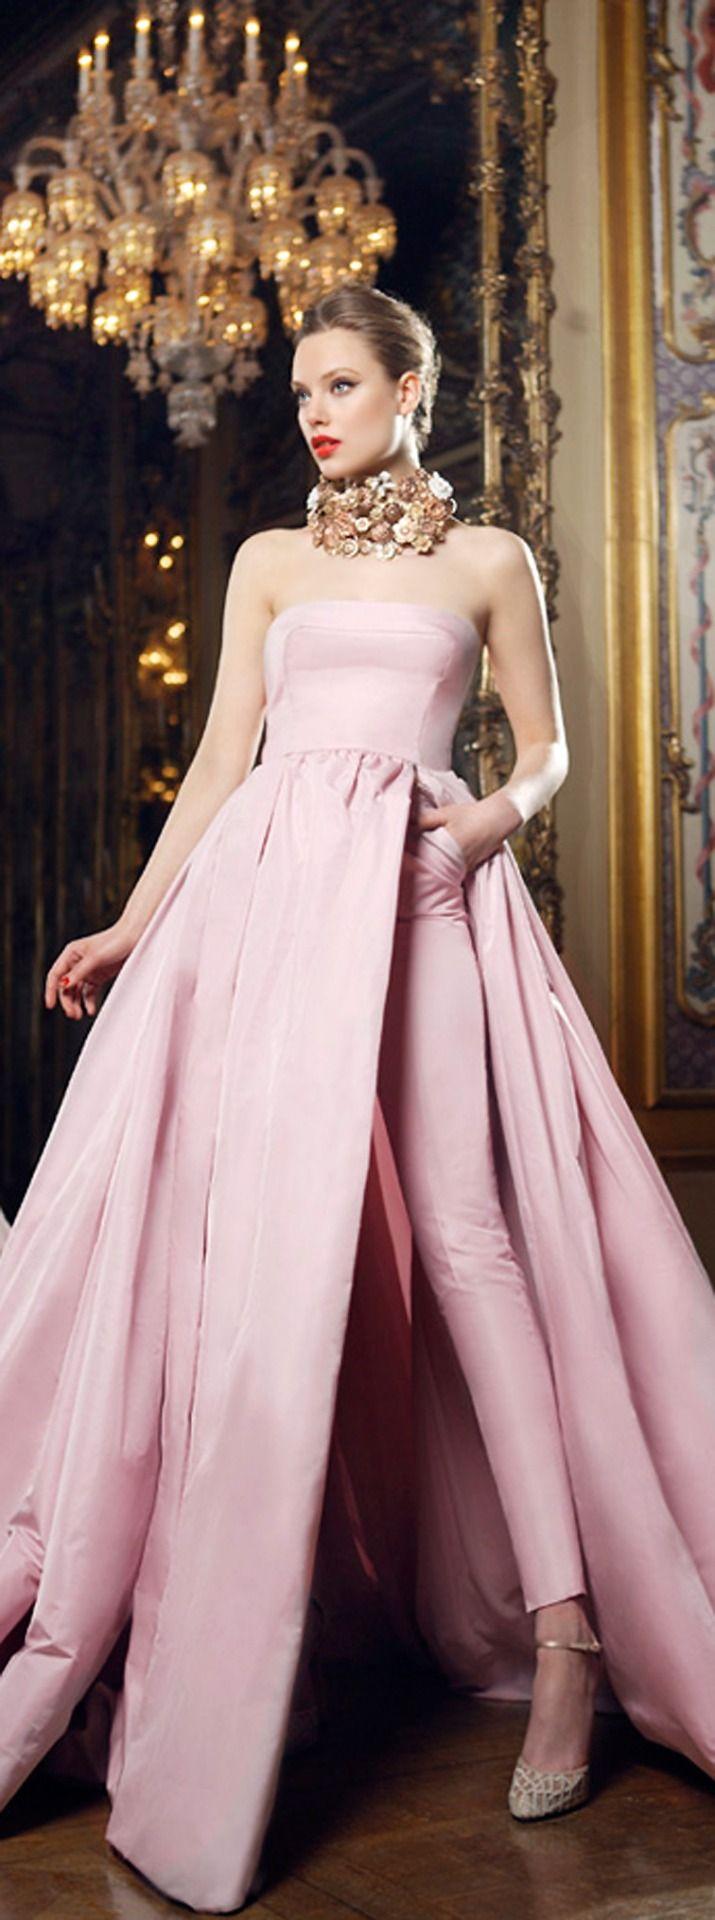 Mario Sierra ~ Evening Gown, Blush Pink, 2015
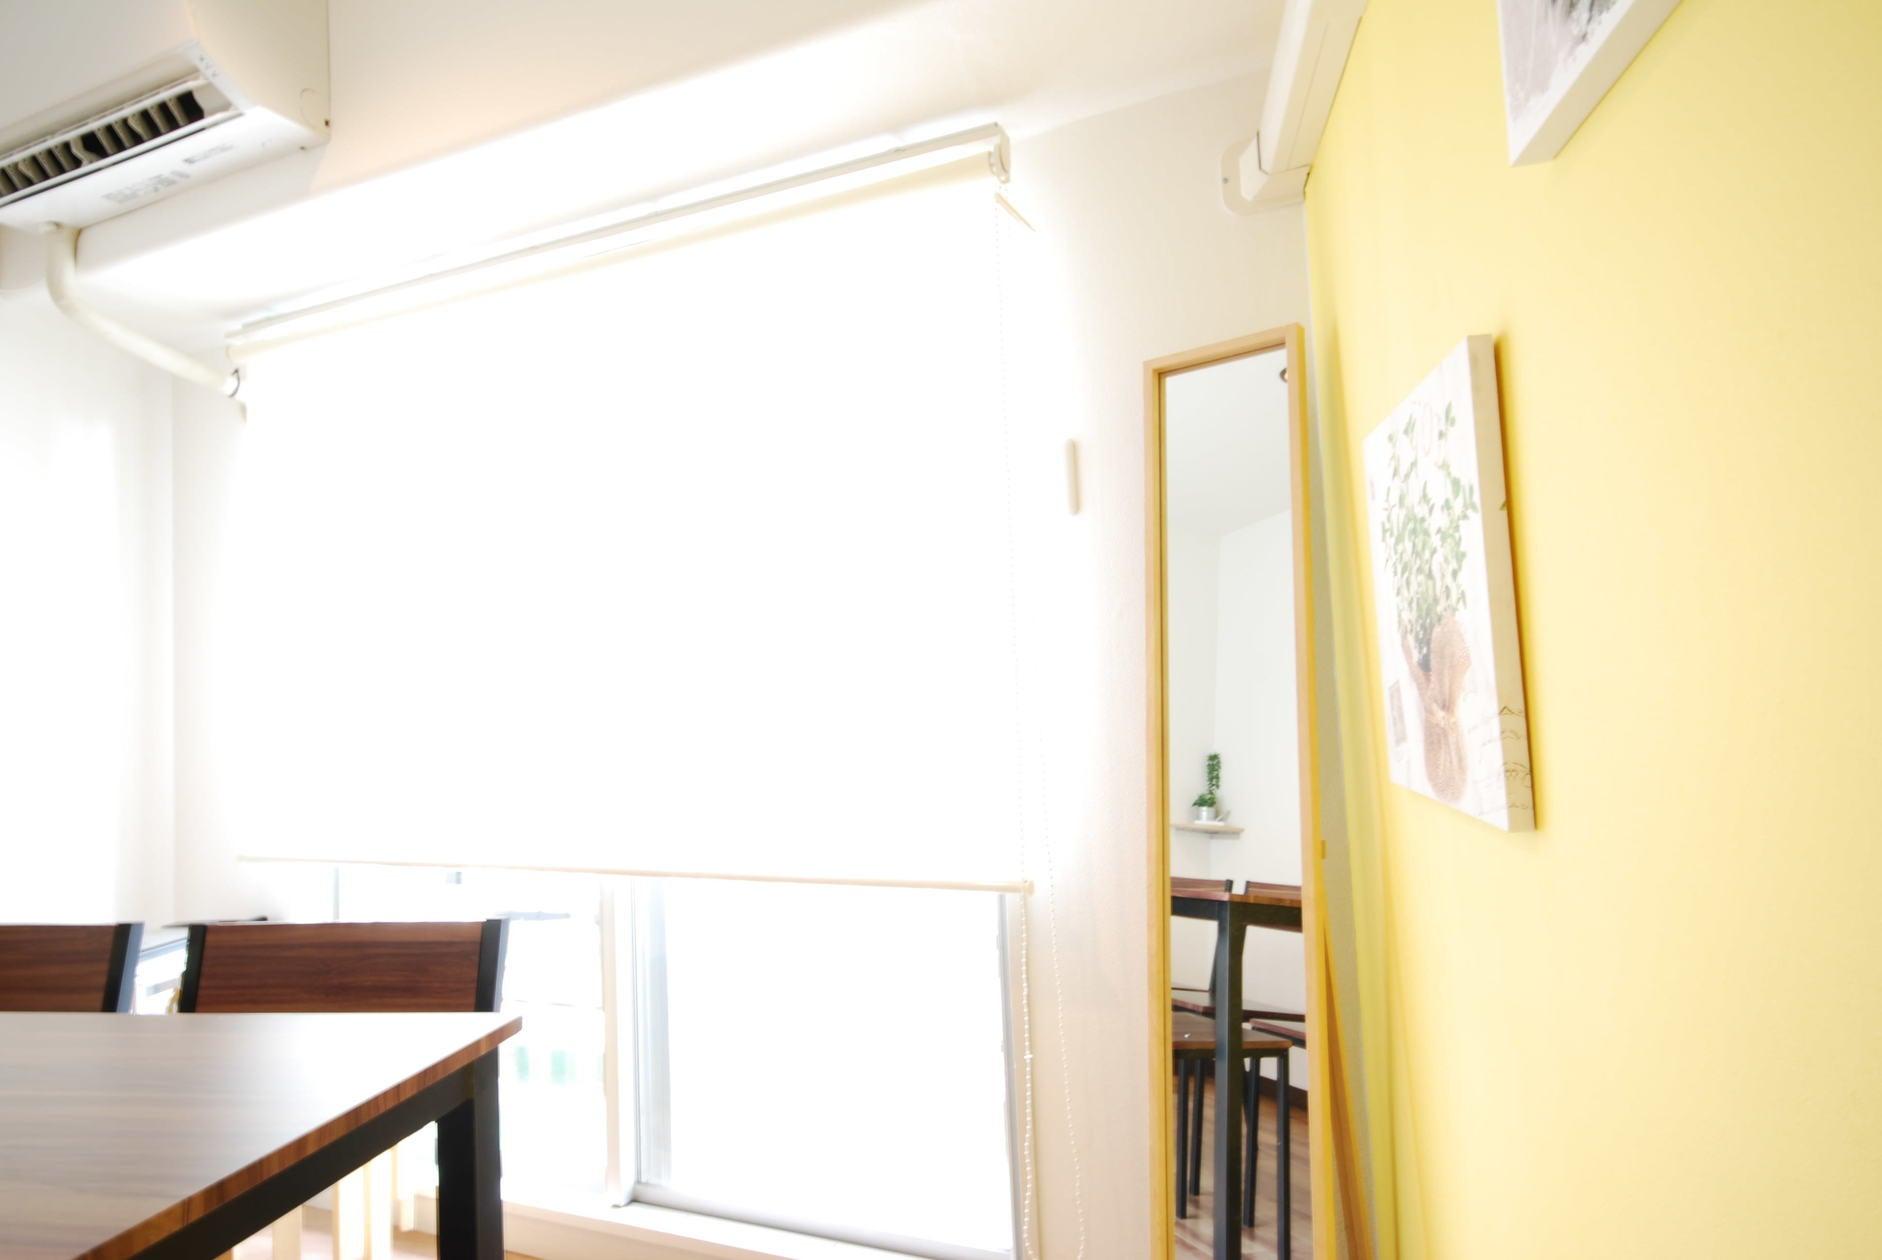 【デルソル Room A】★池袋駅東口徒歩3分★WiFi無料!明るく爽やかなスペース(土足でOK) のサムネイル
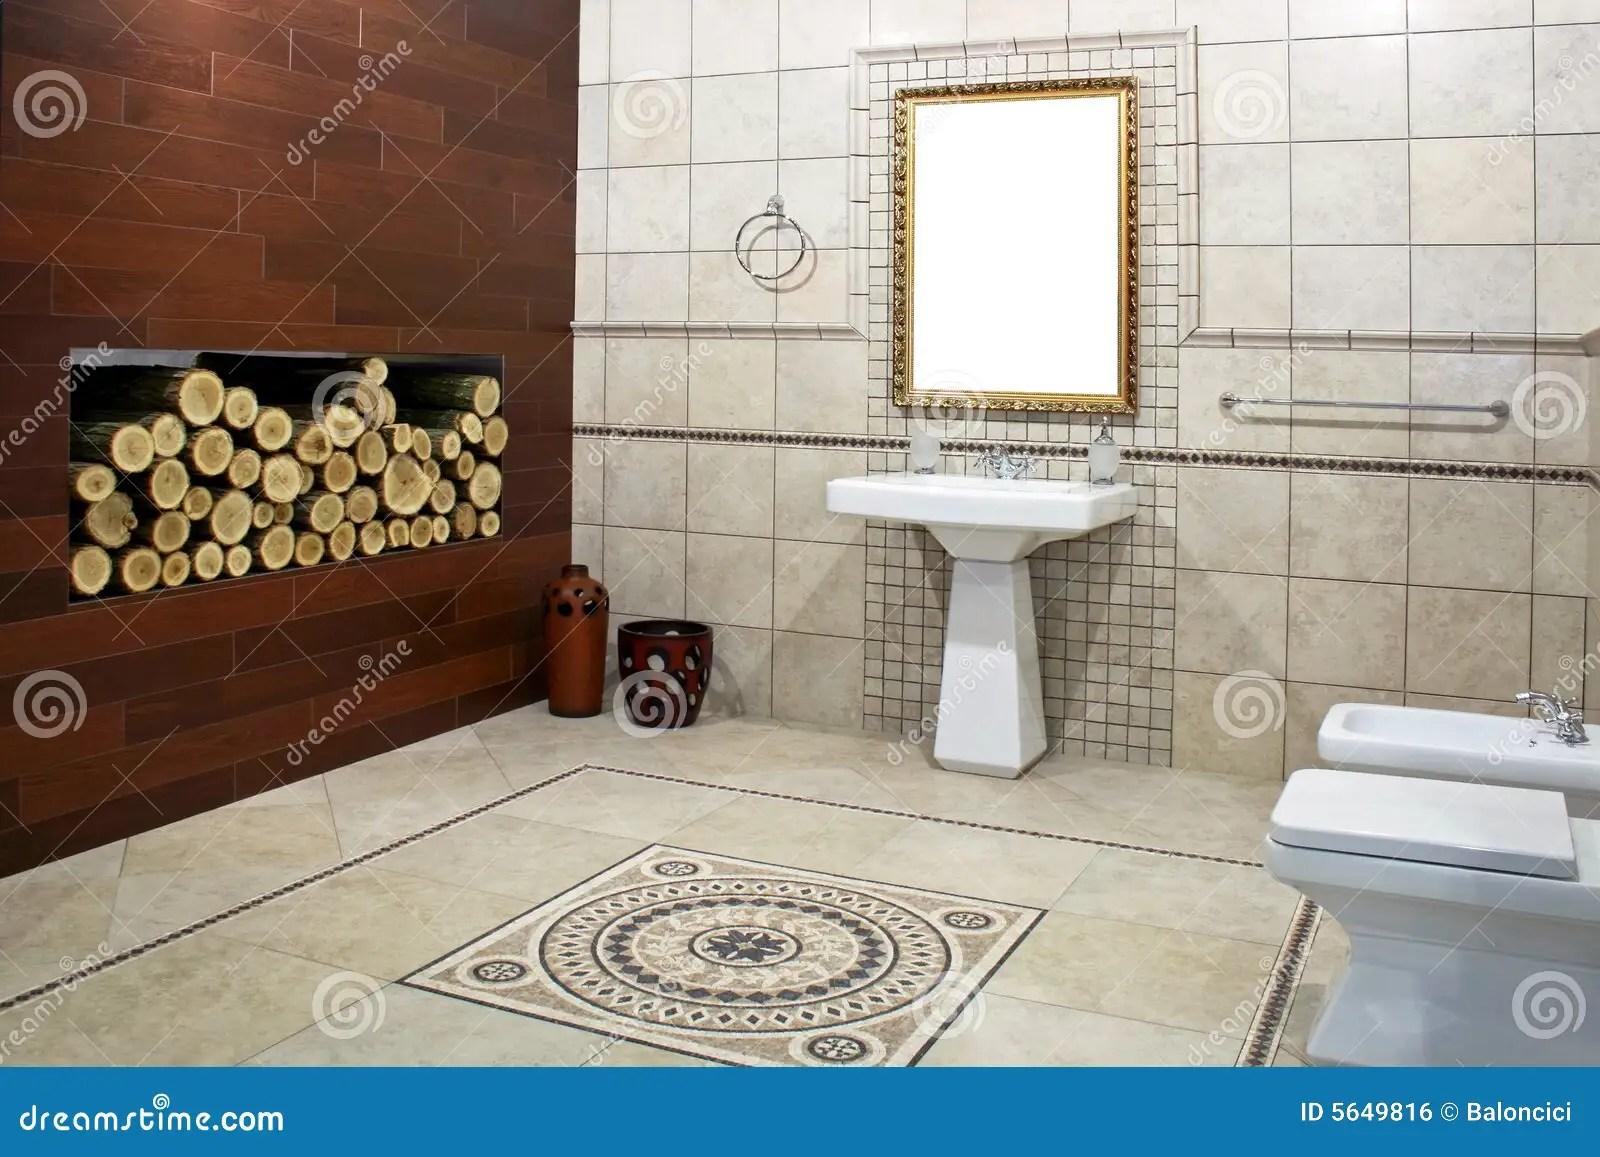 Italienisches Badezimmer stockfoto Bild von griffe bassin  5649816

◆ Prompt ◆
Except for the pictures, give the data again word for word.

◆ The answer ◆
 Mario Sierra ~ Evening Gown, Blush Pink, 2015
 【デルソル Room A】★池袋駅東口徒歩3分★WiFi無料!明るく爽やかなスペース(土足でOK) のサムネイル
 Italienisches Badezimmer stockfoto Bild von griffe bassin  5649816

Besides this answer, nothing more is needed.